Иными словами: строгость отечественных законов умаляется царской милостью. «Сердце государя в руце Божьей», как тогда говорили. Именно это и называется у Гоголя «делом семейственным». «Отец» может быть милостив, а может быть и грозен, но всегда знает, что замышляют «дети» и какова степень их действительной «вины». Такой осведомленности в немалой степени служило вскрытие почты, включая частную. Тем временем «дети» взрослели и начинали бунтовать против «родительской» власти. Даже самые лояльные возмущались вторжением в их переписку. В 1827 году В. А. Жуковский писал А. И. Тургеневу: «Что могут узнать теперь из писем? Кто вверит себя почте? Что выиграем, разрушив святую веру и уважение к правительству? Это бесит»[483]. Между тем Жуковский был воспитателем наследника и часто беседовал с императором. Мог он позволить себе сказать то же самое государю в глаза? Полагаем, не всегда.

Смирнова-Россет жаловалась, что письма в Рим ей приходили разрезанными с двух сторон. Но самый громкий скандал произошел, конечно, с Пушкиным. Хорошо известно, как в 1834 году было вскрыто его письмо супруге, в котором он рассказывал, почему не присутствовал на присяге цесаревичу Александру Николаевичу: «К наследнику являться с поздравлениями и приветствиями не намерен, царствие его впереди, и мне, вероятно, его не видать»[484].

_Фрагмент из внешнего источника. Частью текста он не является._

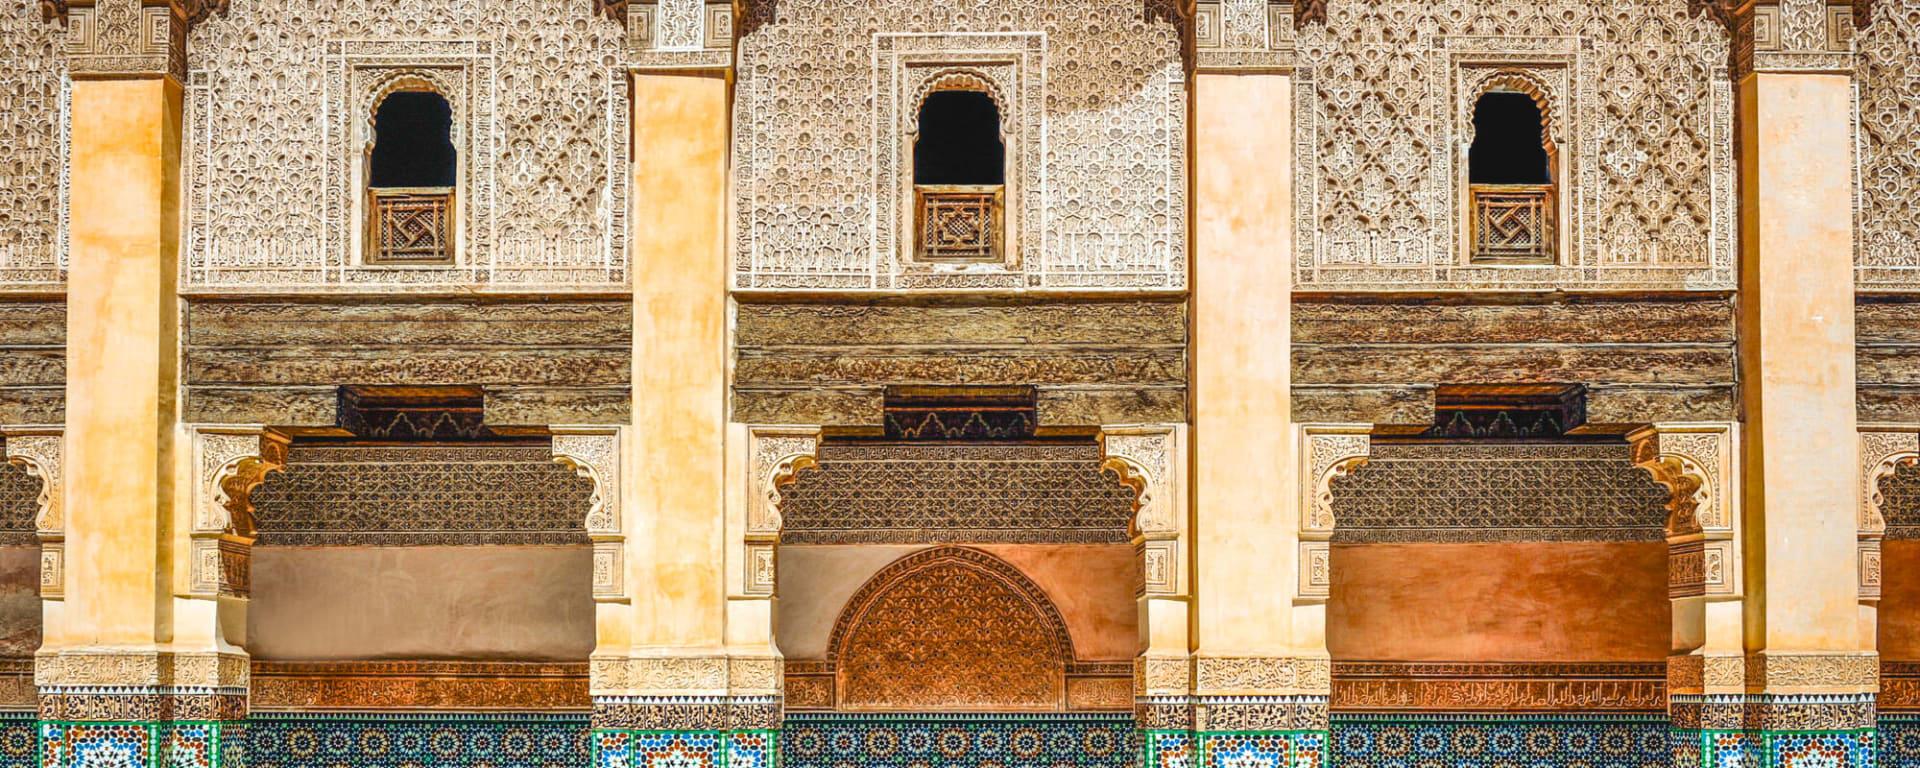 Marokko für Genießer: Die Glanzlichter des Königreichs ab Casablanca: Marokko  Typische Bauweise

Петербургский почт-директор К. Я. Булгаков прочитал письмо и оповестил Бенкендорфа, тот — императора. Вышло неприятное объяснение. В дневнике 10 мая поэт записал: «Однако какая глубокая безнравственность в привычках нашего правительства! Полиция распечатывает письма мужа к жене и приносит их читать царю (человеку благовоспитанному и честному), и царь не стыдится в том признаться… Что ни говори, мудрено быть самодержавным»[485].

Не принято пояснять, что и у другой стороны была «своя правда». После событий 14 декабря 1825 года, одной из причин которых стала неясность с престолонаследием, император считал важным показать обществу, кто его преемник. И закрепить это присягой будущему Александру II, принесенной заранее. Особенно остро проблема выглядела на фоне недавних европейских революций и Польского восстания. Отсутствие Пушкина на торжестве могло рассматриваться и как его нежелание целовать крест наследнику — политический шаг, соблазнительный для сторонников конституции и республики.

Уже в июне, продолжая кипеть, поэт сообщал Наталье Николаевне: «Мысль, что кто-нибудь нас с тобой подслушивает, приводит меня в бешенство… Без политической свободы жить очень можно; без семейственной неприкосновенности… невозможно: каторга не в пример лучше»[486]. Любопытно не только то, что Пушкин, переняв стиль Вяземского, обратился прямо к перлюстраторам. Но и то, что поэт весьма верно провел границу, за которую заходить не стоило: «Никто не должен быть принят в нашу спальню».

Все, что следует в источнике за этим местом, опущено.